Other researchers have suggested providing federal funding to have information or sign-ups at pediatricians’ offices and schools — particularly during back-to- school season.

Regardless of where contact with non-filers happens, Kris Cox, the deputy director of federal tax policy at the Center on Budget and Policy Priorities, said the IRS and local VITA partners need to be on the ground.

“The non-filer portal is really important for people who can navigate that type of form, but we know that there are families who will face barriers, whether that’s language, technical, fluency, disability, other things,” Cox said. “In-person assistance will be crucial.”

One idea advocates have thrown out is sending out federal navigators, much like Congress did with the Affordable Care Act, to get families registered. The IRS maintains zip code files to track who is receiving child tax credits, so navigators could be sent to areas with low disbursement rates. Another way to get more federal officials on the ground might be to increase funding for existing IRS tax system care centers, many of which have been shut down or are understaffed.

A third fix would be far less expensive but could require rethinking data privacy laws: mandating communication between benefits agencies like the Social Security Administration and the IRS.

A lot of non-filer families’ information is out there — it’s just in benefit agencies that do not communicate with the IRS, largely due to strict data privacy laws safeguarding tax information. But if those laws could be loosened slightly, or if benefit agencies could give families’ information to the IRS without receiving any information in return, then the IRS could send notices or register those families.

Senate Democratic aides said it’s a possibility they are exploring. In particular, they see potential to link CTC benefits to Supplemental Security Income benefits, whose recipients include low-income parents of children with disabilities. These benefits are sent out through the Social Security Administration but are only received by 1.7 percent of children. It’s not clear, however, that such a change would be able to pass into law and, even if it did, whether the IRS would be able to process all that new data.

“This is not a question of the IRS not having their heart or mind in the right place,” a Senate Democratic aide said. “It’s a question of capacity.”

The child tax credit expansion is new, so getting it to work perfectly will take time

Megan Curran, the director of policy at the Center on Poverty and Social Policy at Columbia University, said other countries have had child allowances on the books for decades, meaning they have had time to streamline the process: Sign-up comes at birth, with an annual renewal form in public schools. The US could do something similar, offering a sign-up form at the hospital at birth, same as Social Security.

Such a process might also pave the way for making the assistance an allowance rather than a tax credit, through the Social Security Administration — something many experts believe would make distributing funds easier.

“When you look at other countries, they have really easy-to-use websites,” Curran said. “They have different access points, they’re in the communities face to face. Obviously, through the tax system, it’s harder.”
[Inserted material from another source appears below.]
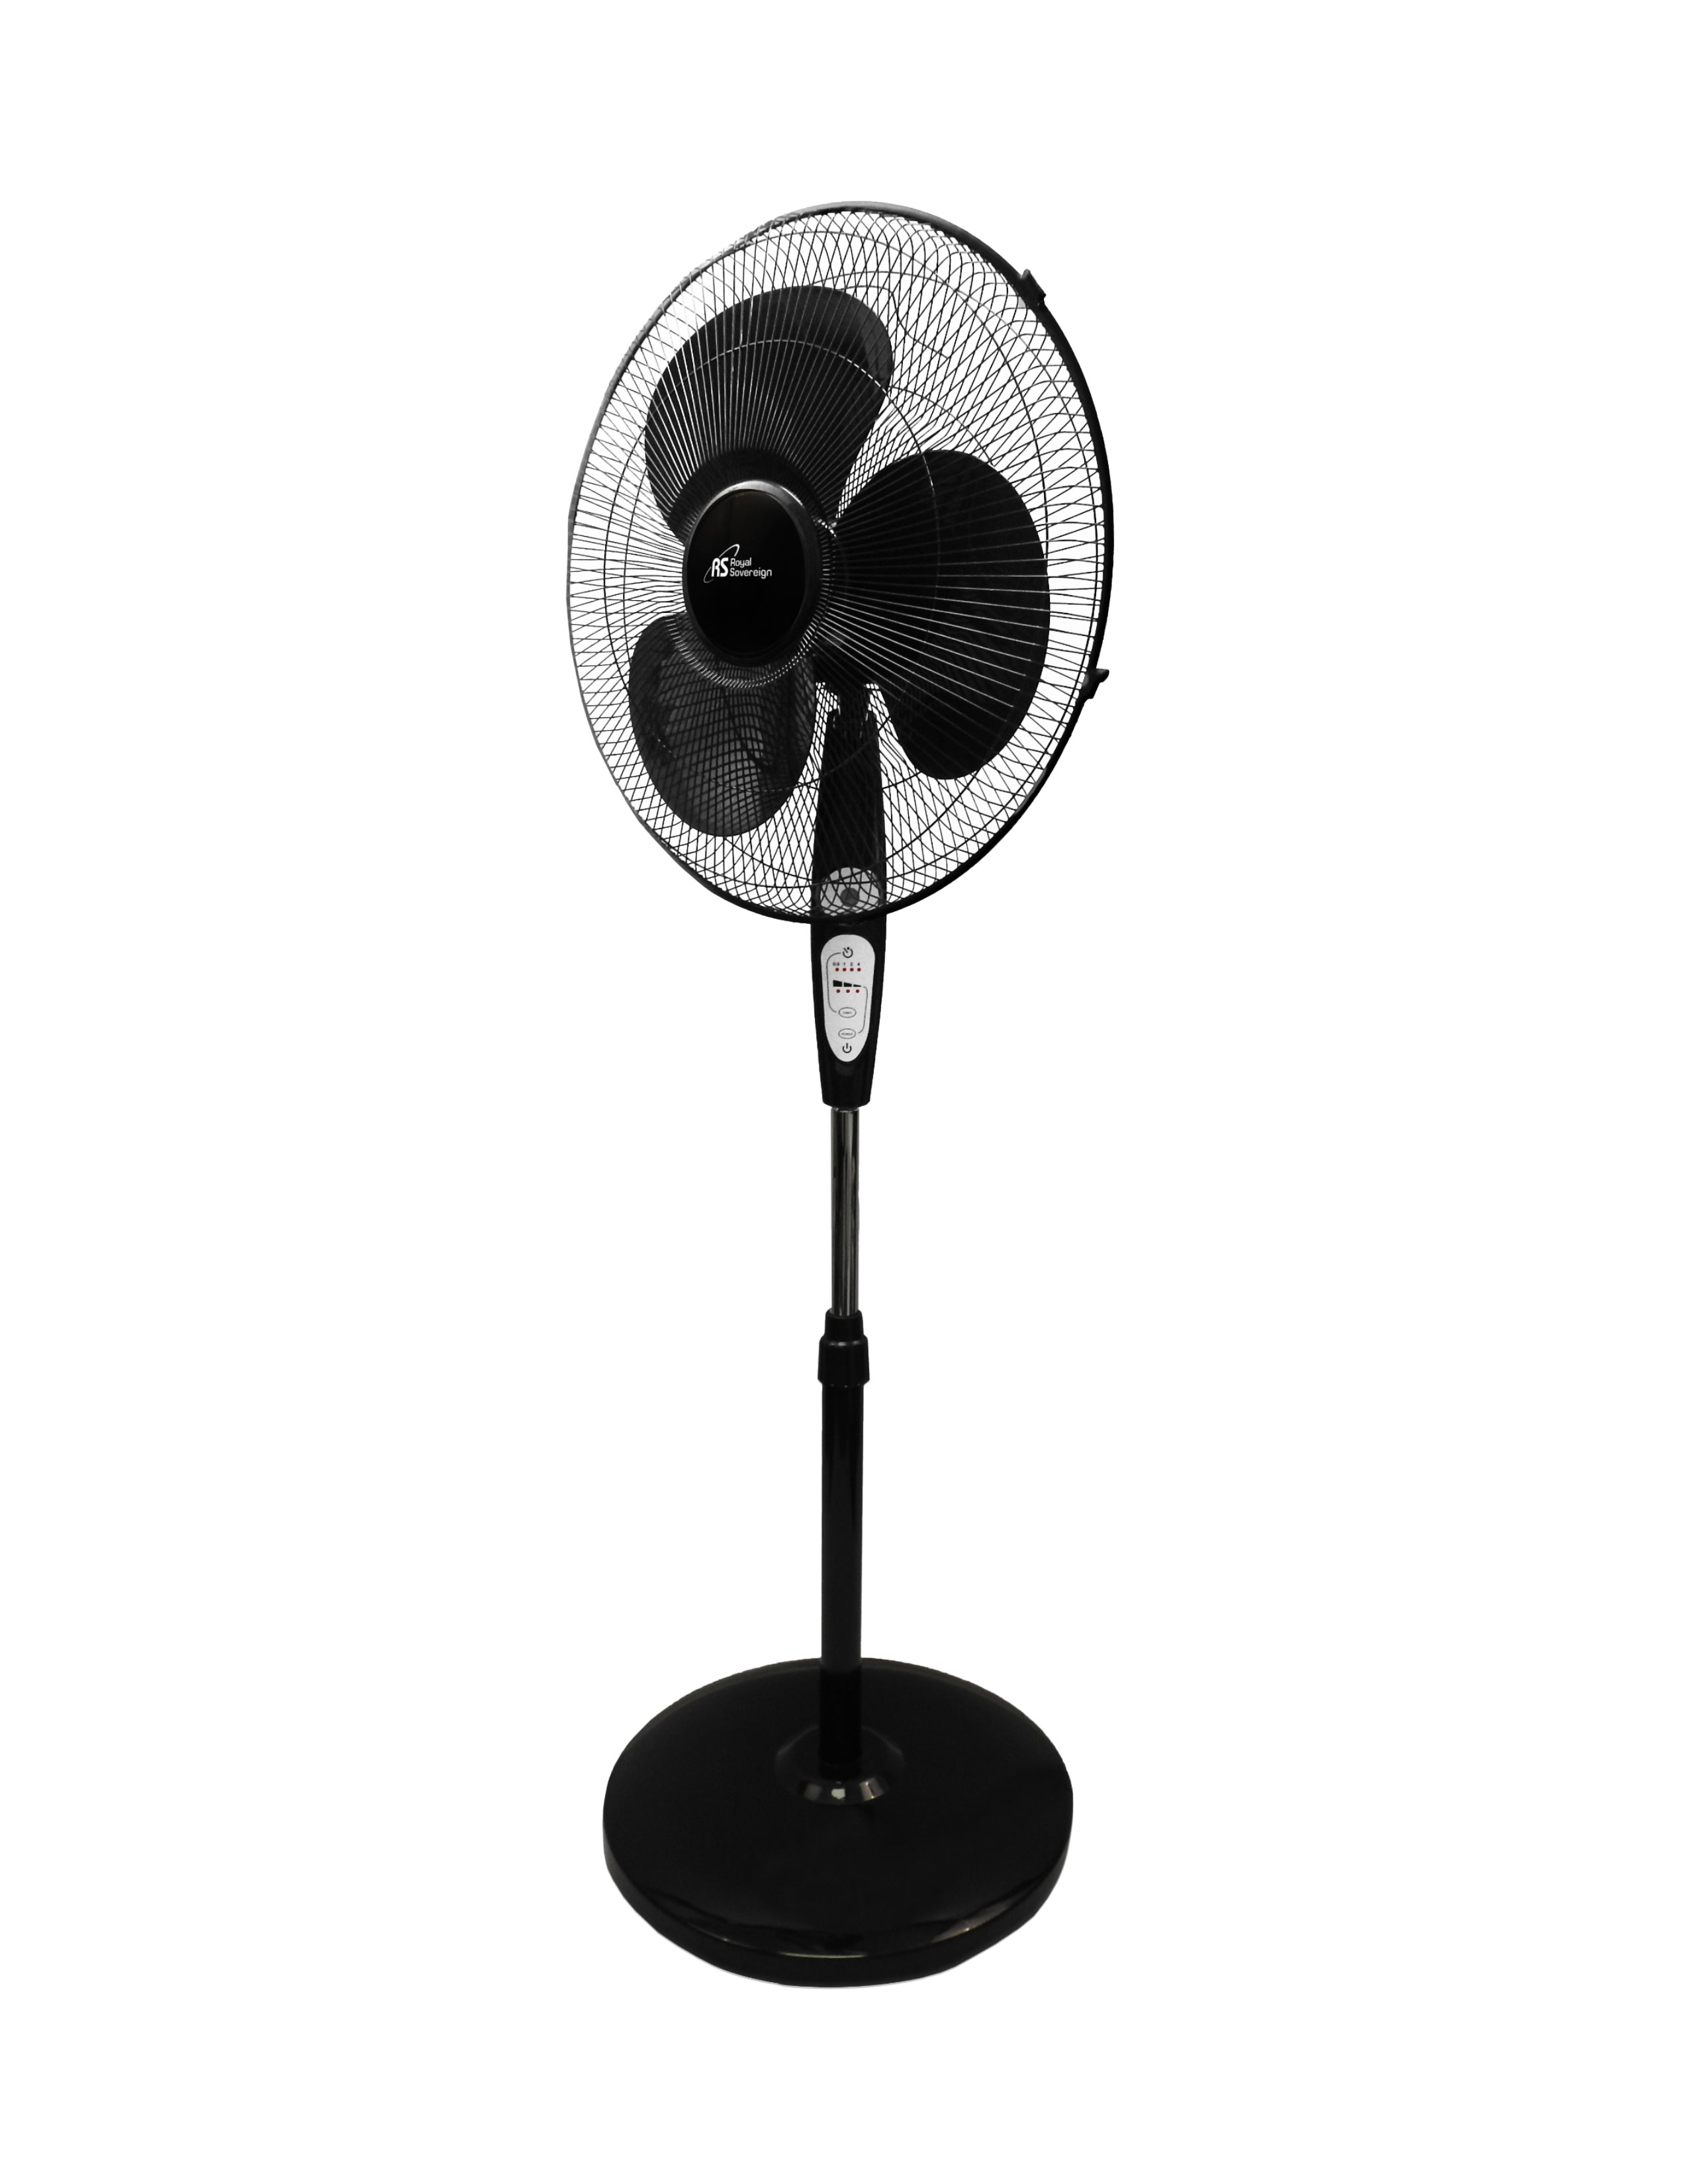 PFN-48B/ 18” Digital Oscillating Pedestal Fan

In the absence of a complete restructuring, experts say that for any future benefits, the top factor in increasing participation is just time.

Elaine Maag, an income support program researcher at the Tax Policy Center, said research from the earned income tax credit shows that participation rates take off in a neighborhood when just one family familiar with the EITC moves into that neighborhood and begins talking about it.
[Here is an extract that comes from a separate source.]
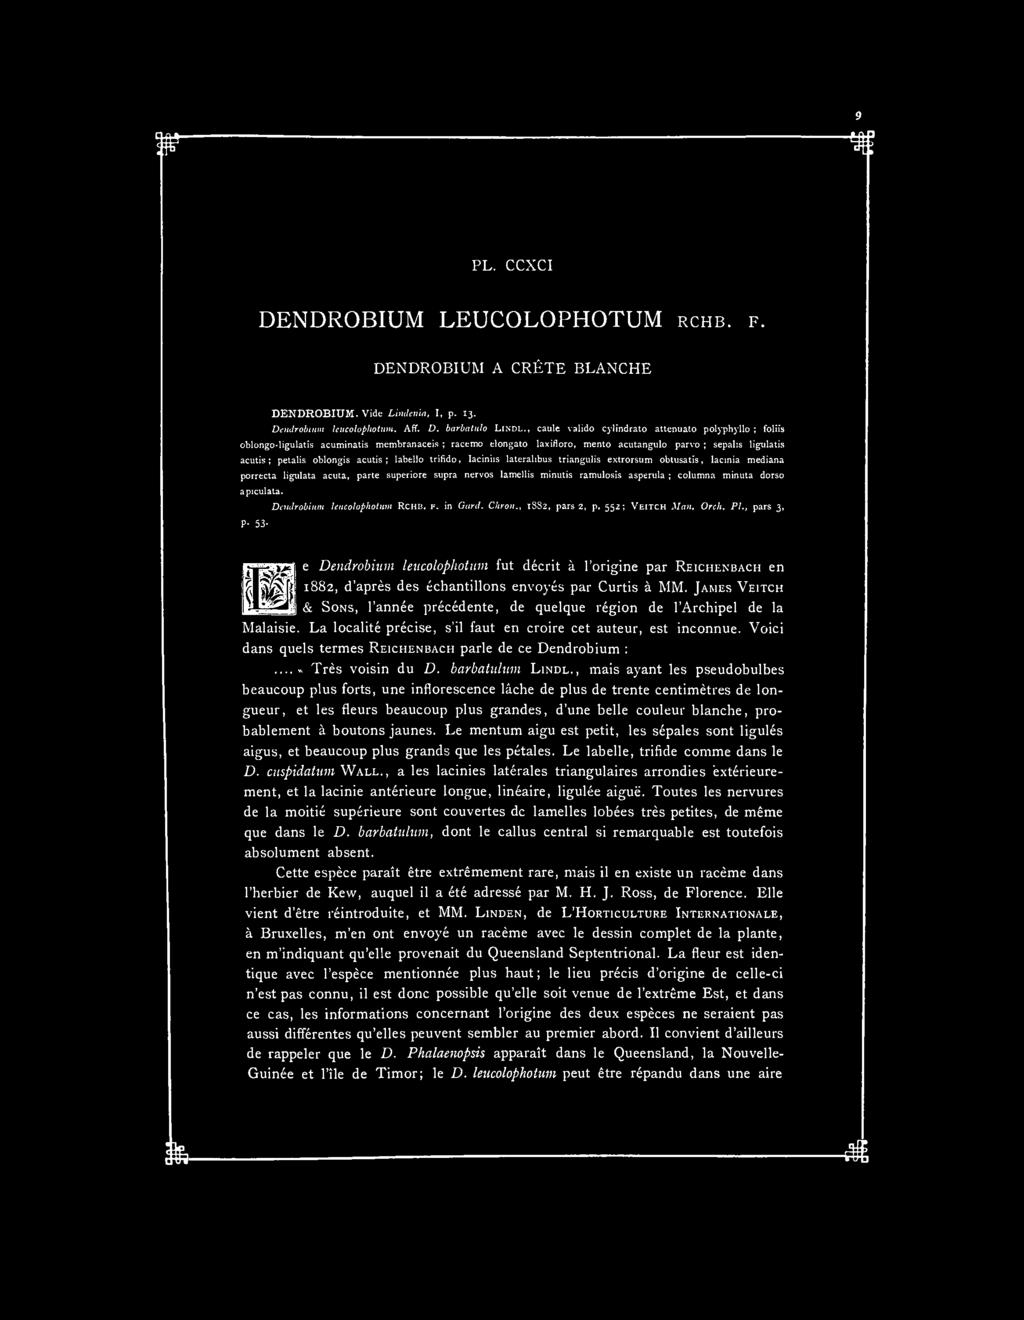 PL. CCXCI DENDROBIUM LEUCOLOPHOTUM RCHB. F. DENDROBIUM A CRÊTE BLANCHE DENDROBIUM. Vide Lindenia, I, p. 13. Dendrobinm ïeucolophotum. AfT. D. barbatulo LINDL.

“If I’m living in an apartment building with many families with children, and they start talking about this child tax credit and how they just received a payment, I would expect more families to wonder if they might be eligible for this payment as well,” Maag said.

Time may improve the child tax credit program if it is renewed, but in the meantime, non-filer families — and the IRS — will have to overcome challenges baked into the tax system, and the accessibility issues that come with them.